Suppressing facts

It is a matter of grave concern that the Department of Telecommunications, acting on orders of a Gwalior court, has blocked scores of URLs (uniform resource locators) that carried articles critical of the controversial Indian Institute of Planning and Management (IIPM).

In doing so, the government has acted again to stifle the articulation of opinion on the Internet. IIPM’s questionable functioning was the subject of articles that were carried online by several well-respected publications and reproduced too in blogs.

Piqued by their revelations, IIPM’s director Arindam Choudhuri filed a string of defamation cases against the publications. Interestingly, the cases were filed in rather remote towns such as Gwalior and Silchar rather than in Delhi or state capitals.

It was evident that Choudhuri’s strategy was aimed at making life so difficult for his critics that they would stop writing negative stories. Taking this strategy to the next level, the IIPM director asked the court to issue an order blocking the ‘defamatory websites.’ It is unfortunate that the Gwalior court complied with such a request and worse, did so without giving the defendants the chance to provide their side of the story. 

The blocking of the URLs not only amounts to silencing of opinion and the right to freedom of expression but also it is an attempt at preventing information from reaching the public. Among the URLs that were blocked is one on the University Grants Commission (UGC) website, which carried a document clarifying that the IIPM is not recognised by the UGC or authorised to award degrees to its students. The court order has thus abetted in the concealment of facts, even the suppression of information.

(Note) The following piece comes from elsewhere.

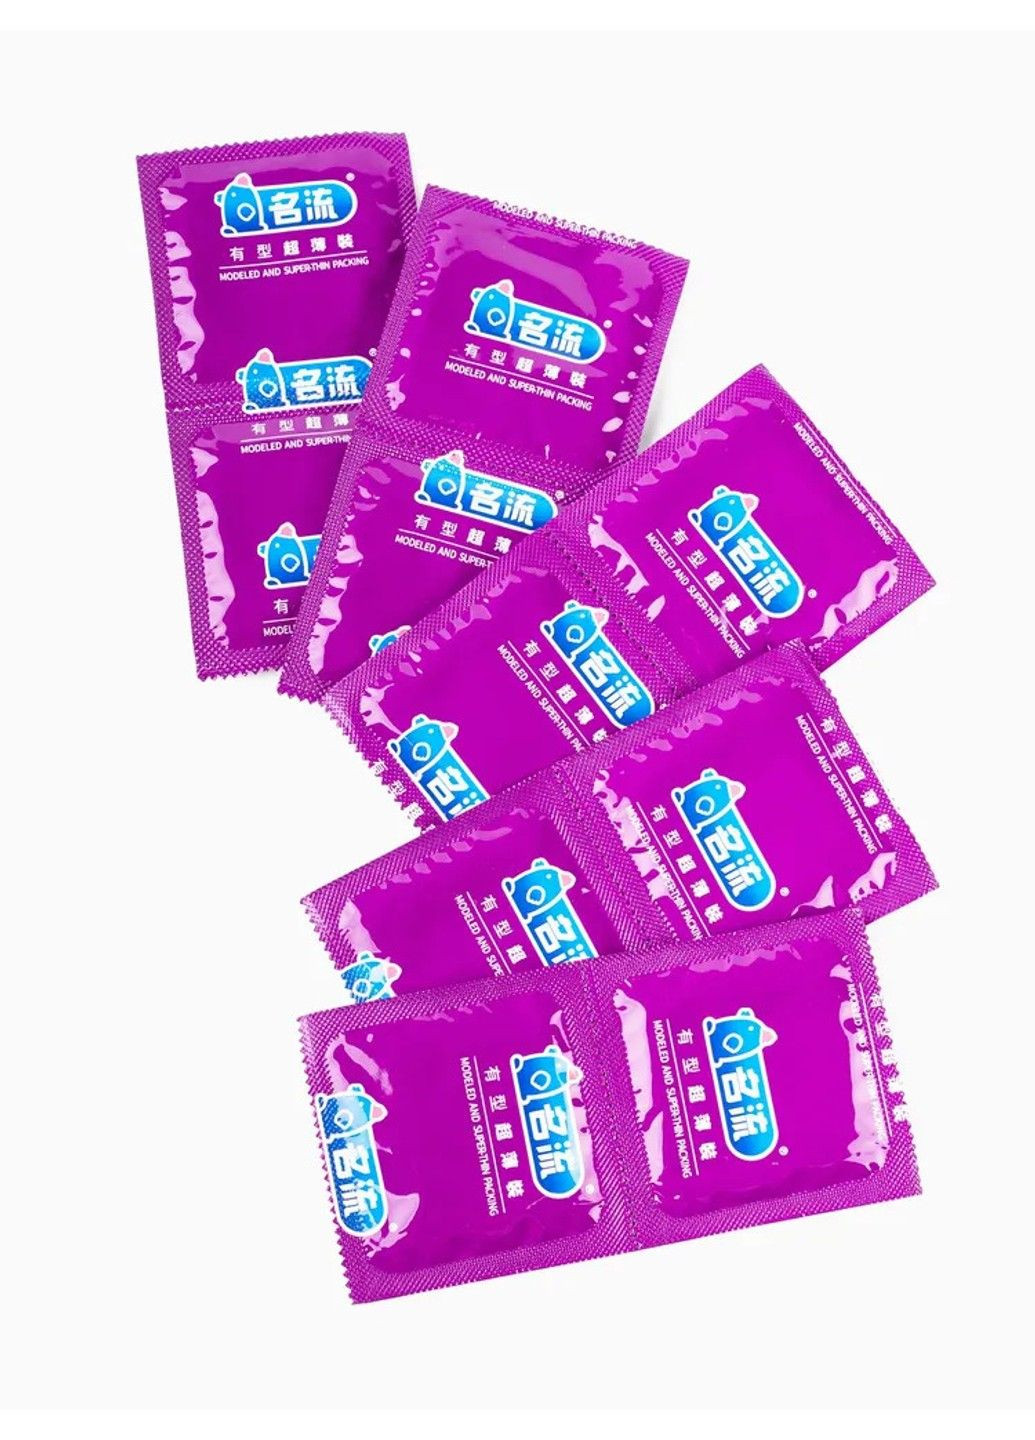 Супертонкие презервативы Personage упаковка 10 штук HBM Group (284279138)

The blocking of URLs criticising IIPM and its director sets a bad precedent. It will encourage other individuals and institutions anxious to prevent knowledge of their illegal activities, poor governance, corruption, etc from becoming public simply by going to court and pleading they were being defamed. This has implications not just for the freedom of the Indian media but for the individual’s right to freedom of expression.

Schools like IIPM have built their reputation on aggressive advertising rather than academic excellence. While they are free to choose their path to establishing their name they cannot silence opinion that is critical of their functioning.

Millions of students in this country make their decisions based on diverse opinion expressed in the media. They cannot be denied the right to access such information. Silencing criticism is untenable in our democracy.